Since object B is twice as far away from the Sun as object A, it's surface receives one quarter as much light from the Sun as object A. Since object B will be three tiems as far from Earth at opposition as object A will be at opposition, its reflected light will be one ninth as bright. So together, those two factors will make the light that Earth gets from object at its opposition one thirty sixth, or 0.02777, as bright as the light that Earth gets from object A at its opposition.
So the farther away from the Sun an astronomical object is, the less bright its reflected light will be as seen from Earth.
And if an object C has a higher albedo, or is more reflective than object D of the same size, it will seem brighter at the same distance.
The brighter a solar system object is as seen from Earth, the sooner it will be noticed and discovered. The dimmer a solar system object is as seen from Earth, the longer it can remain undiscovered.
Thus the undiscovered objects in the solar system should be the ones which appear fainter as seen from Earth.
They may be fainter and dimmer as seen from Earth because their albedo is lower than objects at the same distance. Or maybe because they are much smaller than other objects with the same albedo and distance. Or maybe they are very large objects with high albedos but are very faint because they are very far away.
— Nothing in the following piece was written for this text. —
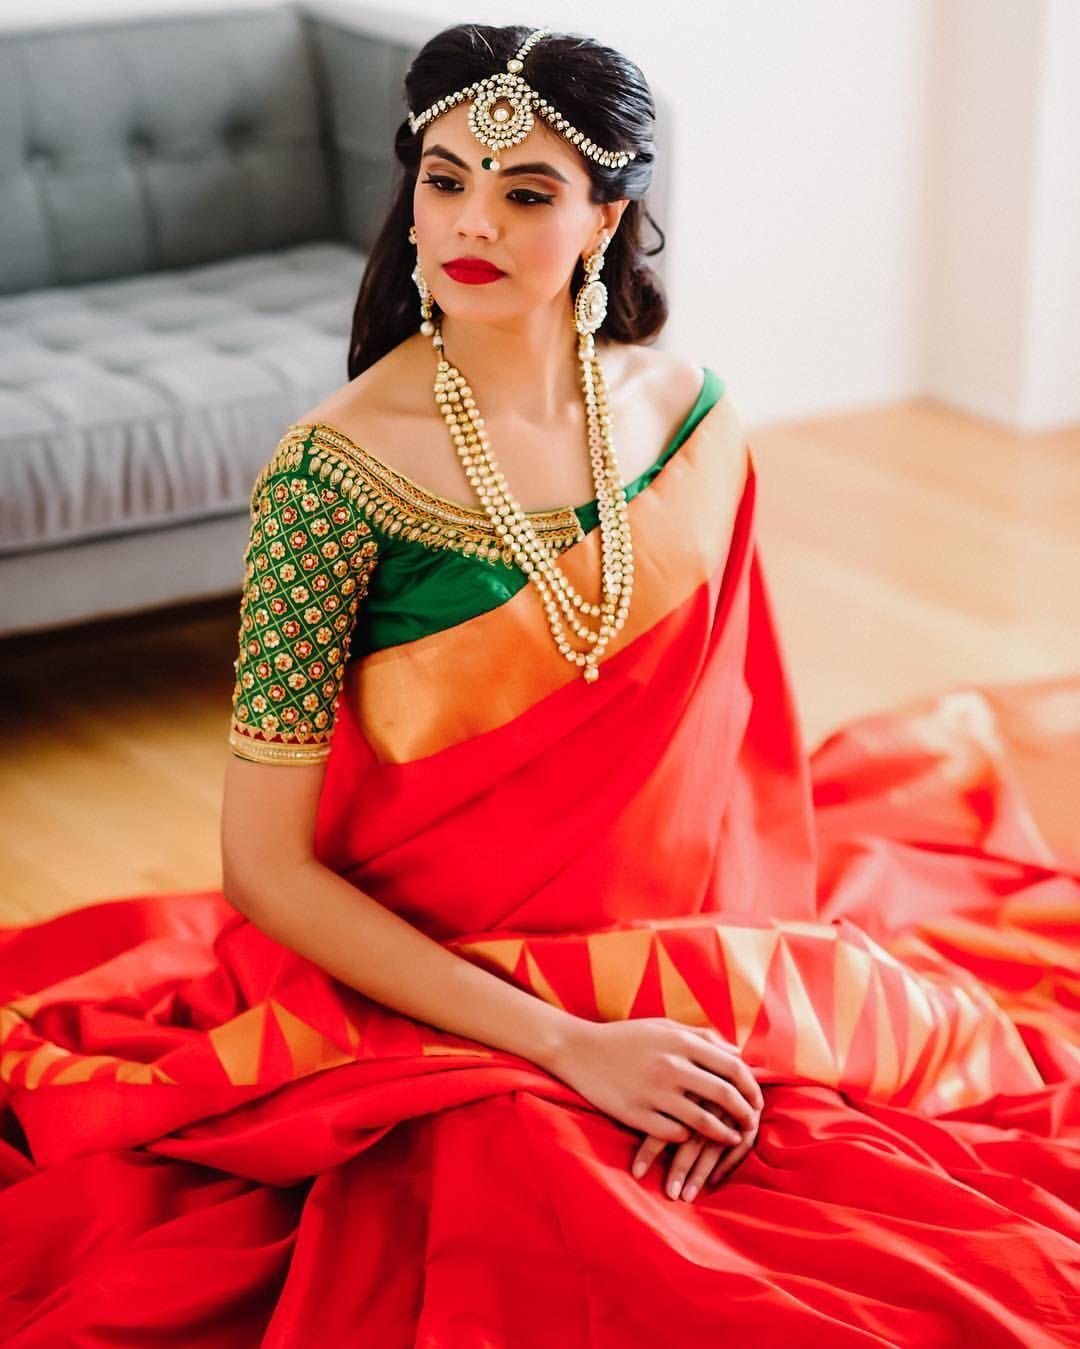 47b35351261c86 Red silk kanchipuram sari with contrast green blouse.Braid with fresh  jasmine flowers. Tamil bride. Telugu bride. Kannada bride. Hindu bride.

Over time, astronomers discover dimmer and dimmer objects in the solar system, objects which have darker surfaces, or are smaller, or are much farther from the Sun.
So the largest solar system objects likely to be discovered in the future are likely to be very far fromt he Sun and the Earth and thus appear many times dimmer than objects of equal size in the inner solar system.
You may have heard of the hypothetical Planet Vulcan, inside the orbit of Mercury, once used to explain certain problems with the orbit of Mercury. It is no known that Vulcan could not possibly exist. It would have been discovered long ago if it did exist.
None of these claims has ever been substantiated after more than forty years of observation. It has been surmised that some of these objects—and other alleged intra-Mercurial objects—may exist, being nothing more than previously unknown comets or small asteroids. No vulcanoid asteroids have been found, and searches have ruled out any such asteroids larger than about 6 km (3.7 mi). Neither SOHO nor STEREO has detected a planet inside the orbit of Mercury.
The largest solar system objects discovered in recent times have all been beyond the orbit of Neptune, and have been rather small. Only a few of the largest ones have been large enough to classify as dwarf planets, and they are all smaller than Eerth's moon.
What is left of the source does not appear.